§ **DATA**:
-=-=-=-=-

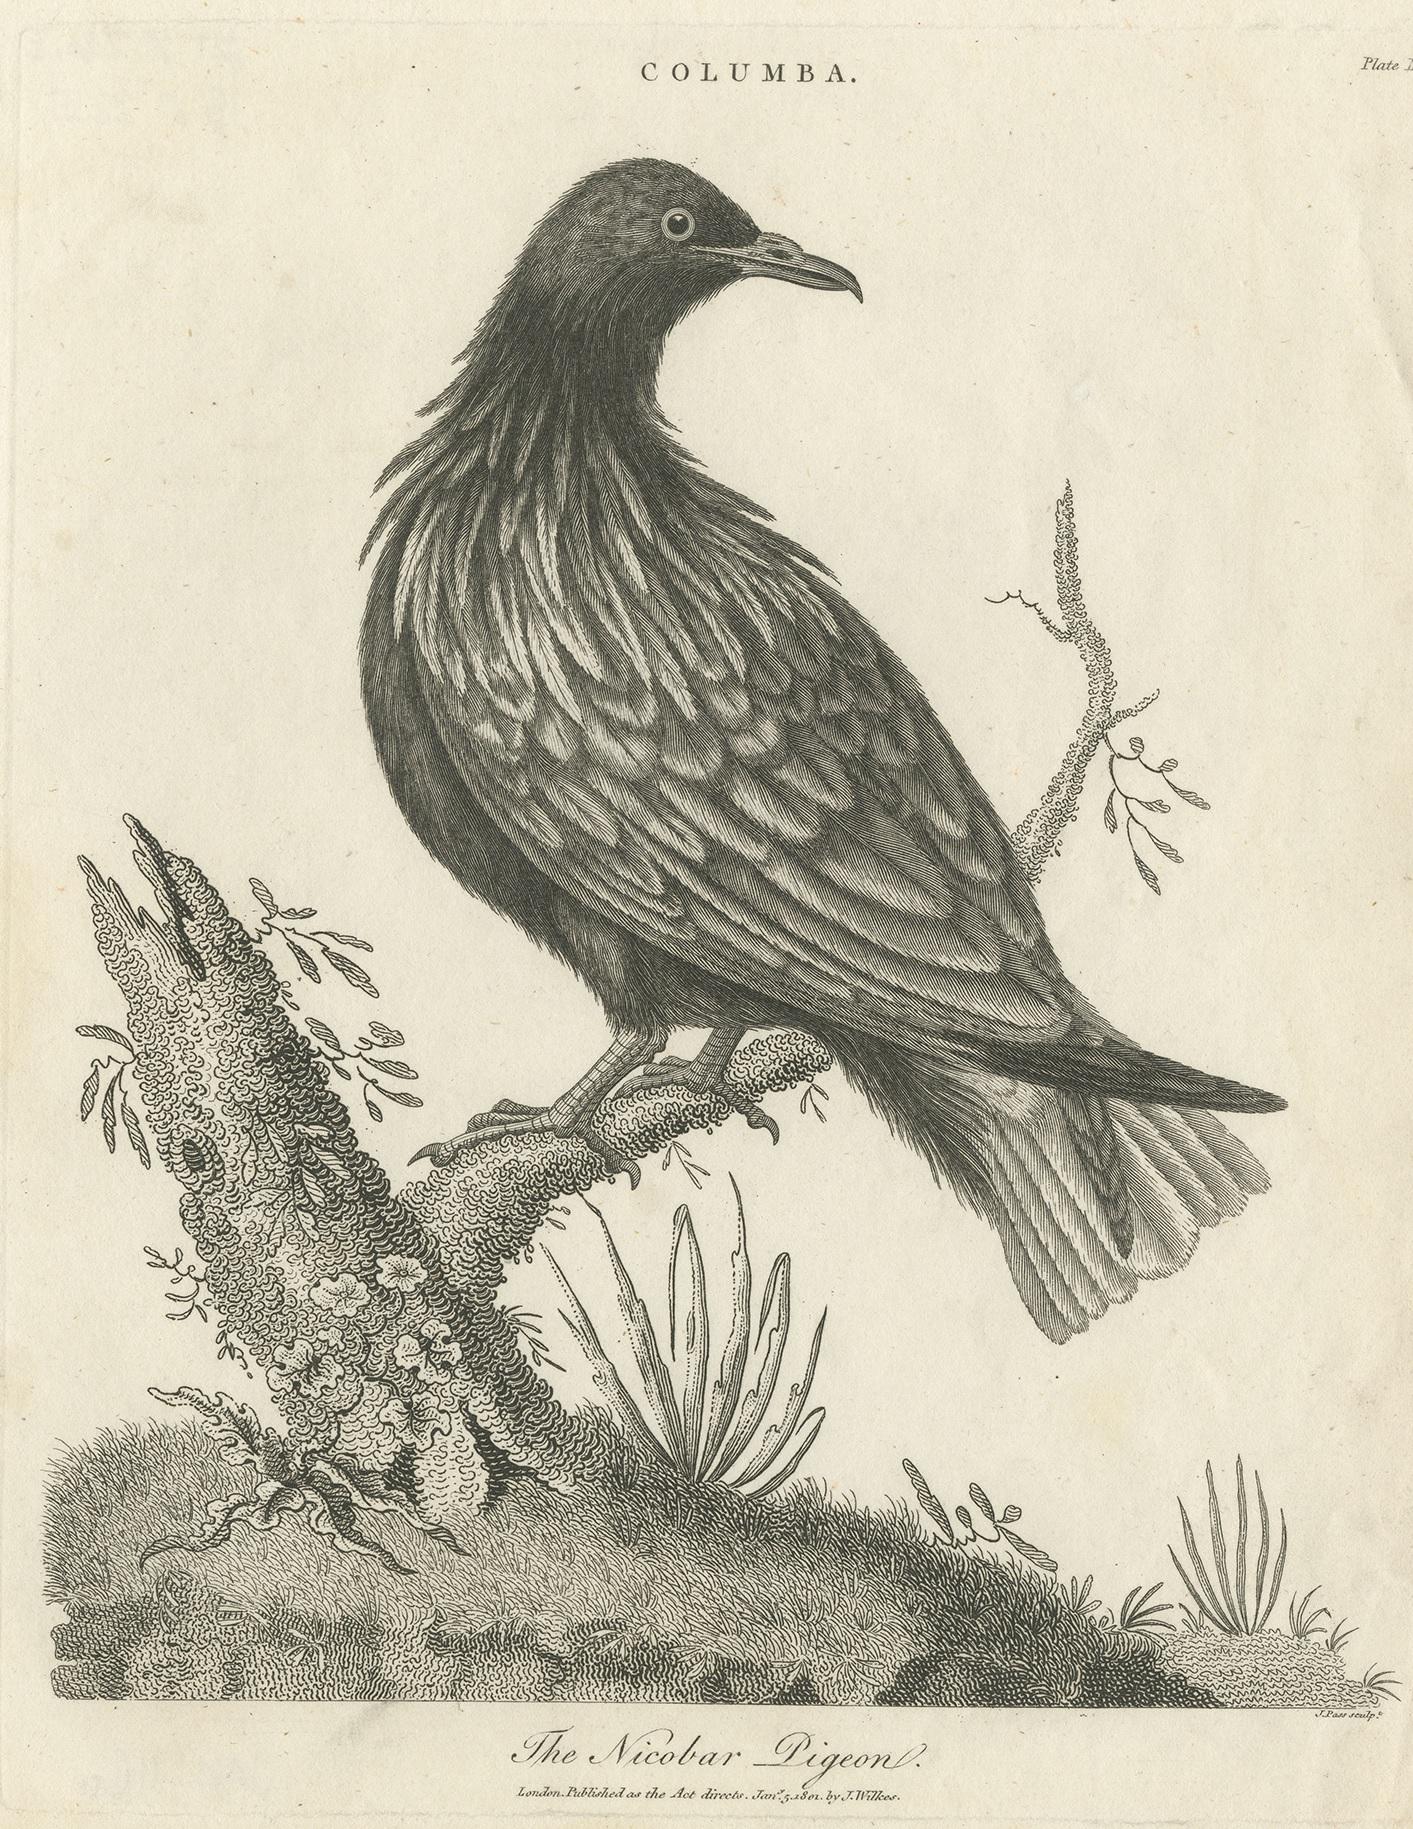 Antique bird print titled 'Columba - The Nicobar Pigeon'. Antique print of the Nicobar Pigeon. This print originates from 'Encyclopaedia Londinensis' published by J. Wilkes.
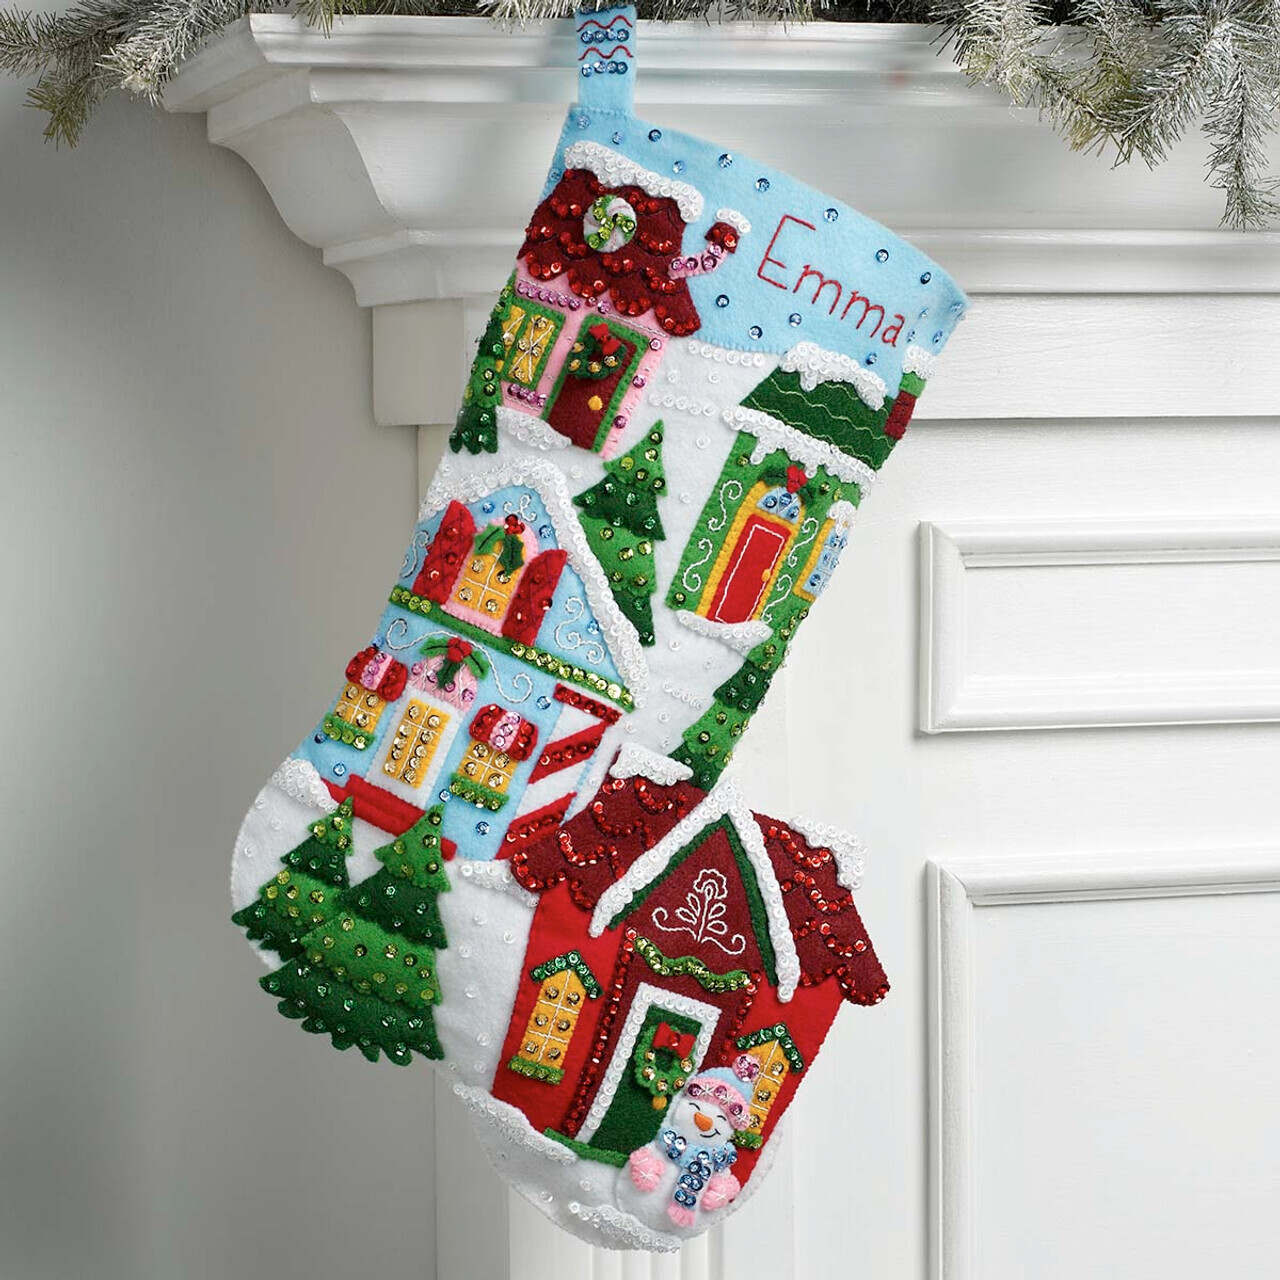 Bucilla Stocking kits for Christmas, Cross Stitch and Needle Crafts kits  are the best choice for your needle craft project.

-=-=-=-=-

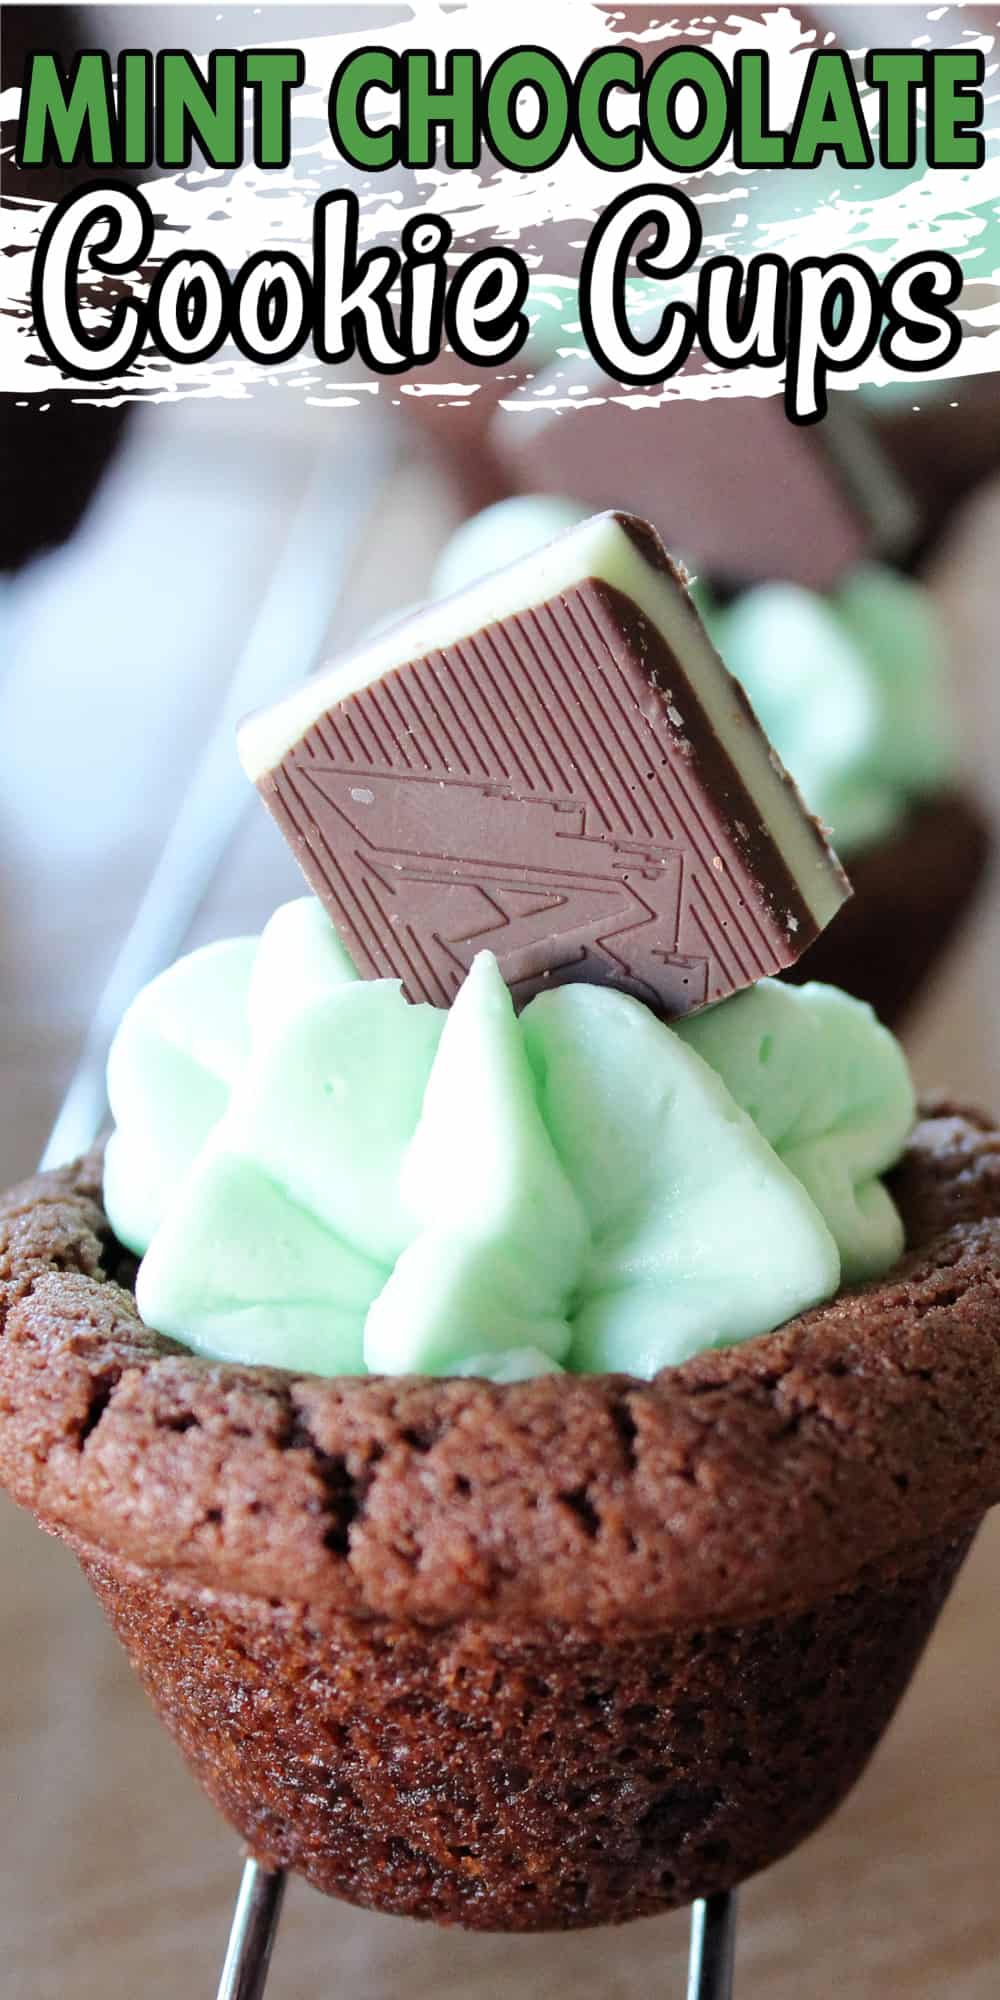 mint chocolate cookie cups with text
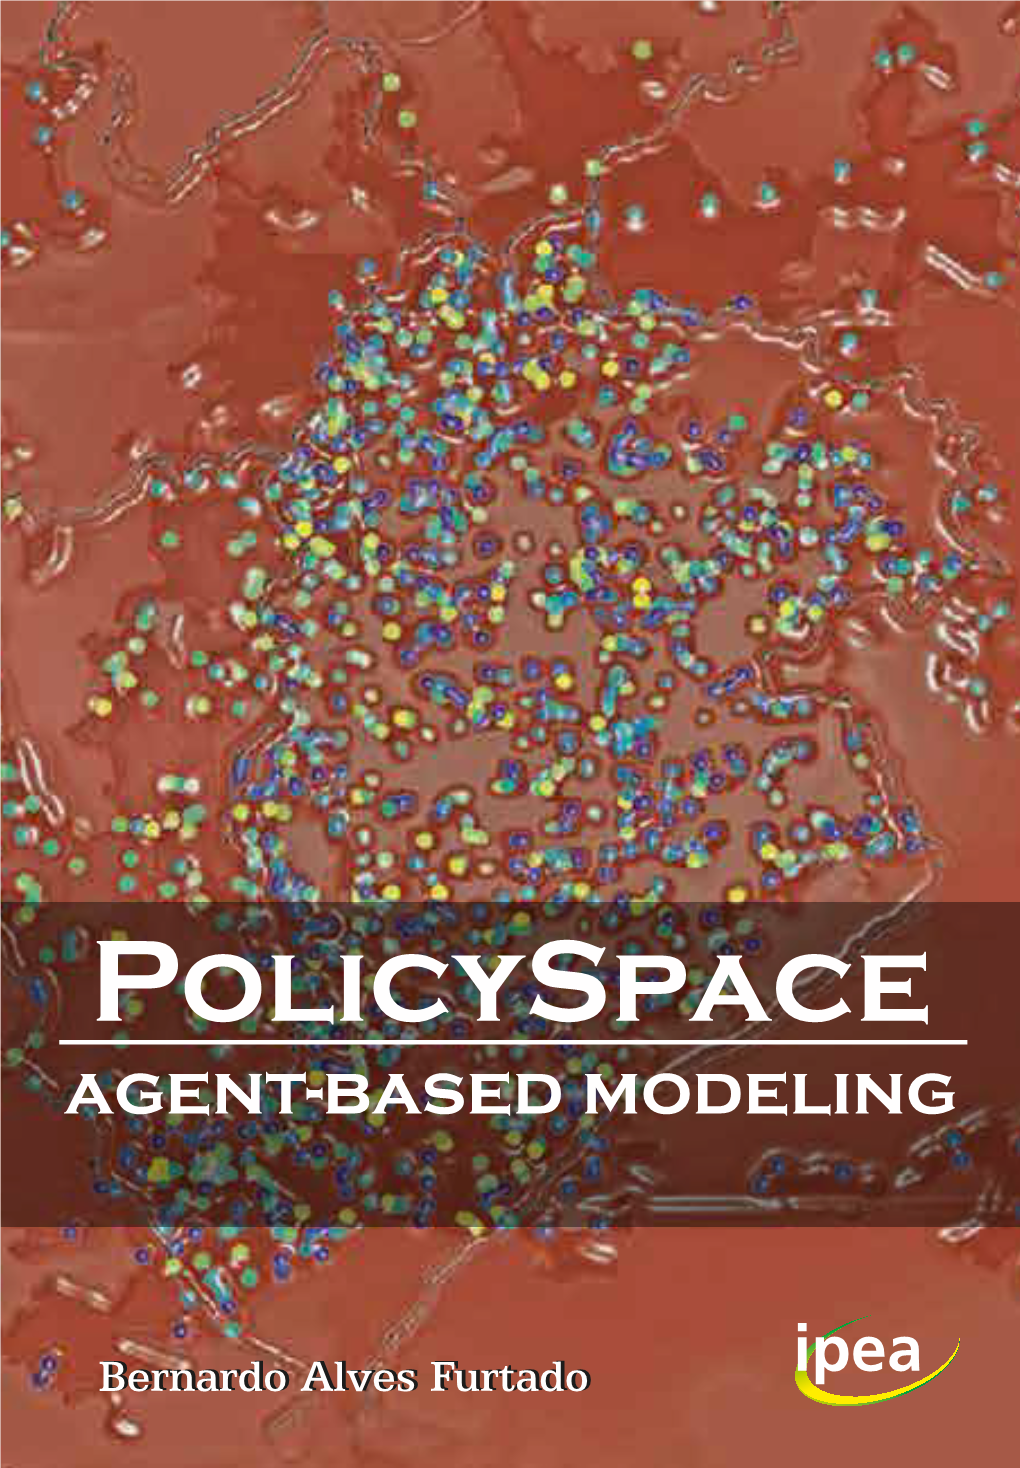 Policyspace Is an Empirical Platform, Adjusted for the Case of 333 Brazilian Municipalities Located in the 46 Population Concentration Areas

-=-=-=-=-

§ **TRY IT**: Would you give again, exactly, the lines in the data above that run from the line containing "Antique bird print" to the line containing "Bucilla Stocking kits"? Include both ends and no pictures.

§ **EXERCISE OUTPUT**:
 Antique bird print titled 'Columba - The Nicobar Pigeon'. Antique print of the Nicobar Pigeon. This print originates from 'Encyclopaedia Londinensis' published by J. Wilkes.
 Bucilla Stocking kits for Christmas, Cross Stitch and Needle Crafts kits  are the best choice for your needle craft project.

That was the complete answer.